Issue No. 03 - March (2017 vol. 39)
Jimei Yang , Adobe Research, San Jose, CA
Ming-Hsuan Yang , School of Engineering, University of California, Merced, CA
Top-down visual saliency is an important module of visual attention. In this work, we propose a novel top-down saliency model that jointly learns a Conditional Random Field (CRF) and a visual dictionary. The proposed model incorporates a layered structure from top to bottom: CRF, sparse coding and image patches. With sparse coding as an intermediate layer, CRF is learned in a feature-adaptive manner; meanwhile with CRF as the output layer, the dictionary is learned under structured supervision. For efficient and effective joint learning, we develop a max-margin approach via a stochastic gradient descent algorithm. Experimental results on the Graz-02 and PASCAL VOC datasets show that our model performs favorably against state-of-the-art top-down saliency methods for target object localization. In addition, the dictionary update significantly improves the performance of our model.

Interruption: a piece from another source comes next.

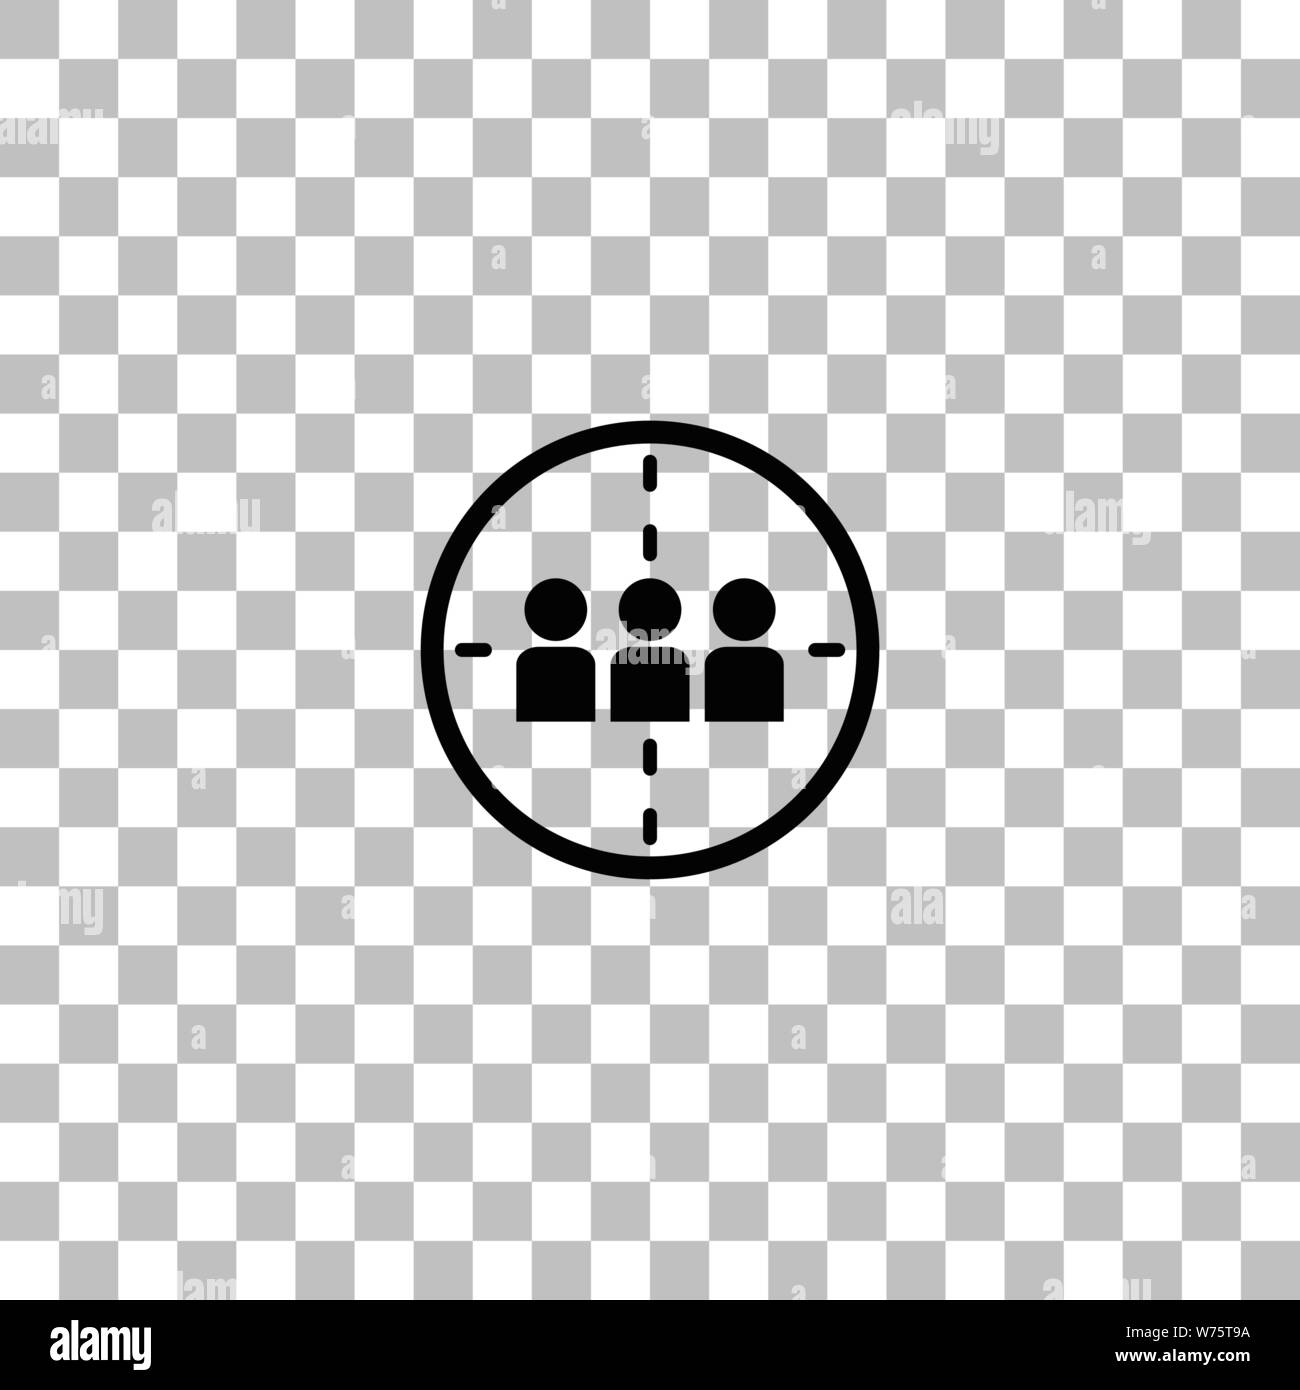 Kill. Black flat icon on a transparent background. Pictogram for your project Stock Vector

We demonstrate the merits of the proposed top-down saliency model by applying it to prioritizing object proposals for detection and predicting human fixations.
Visualization, Predictive models, Dictionaries, Computational modeling, Context, Context modeling, Prediction algorithms
J. Yang and M. Yang, "Top-Down Visual Saliency via Joint CRF and Dictionary Learning," in IEEE Transactions on Pattern Analysis & Machine Intelligence, vol. 39, no. 3, pp. 576-588, 2017.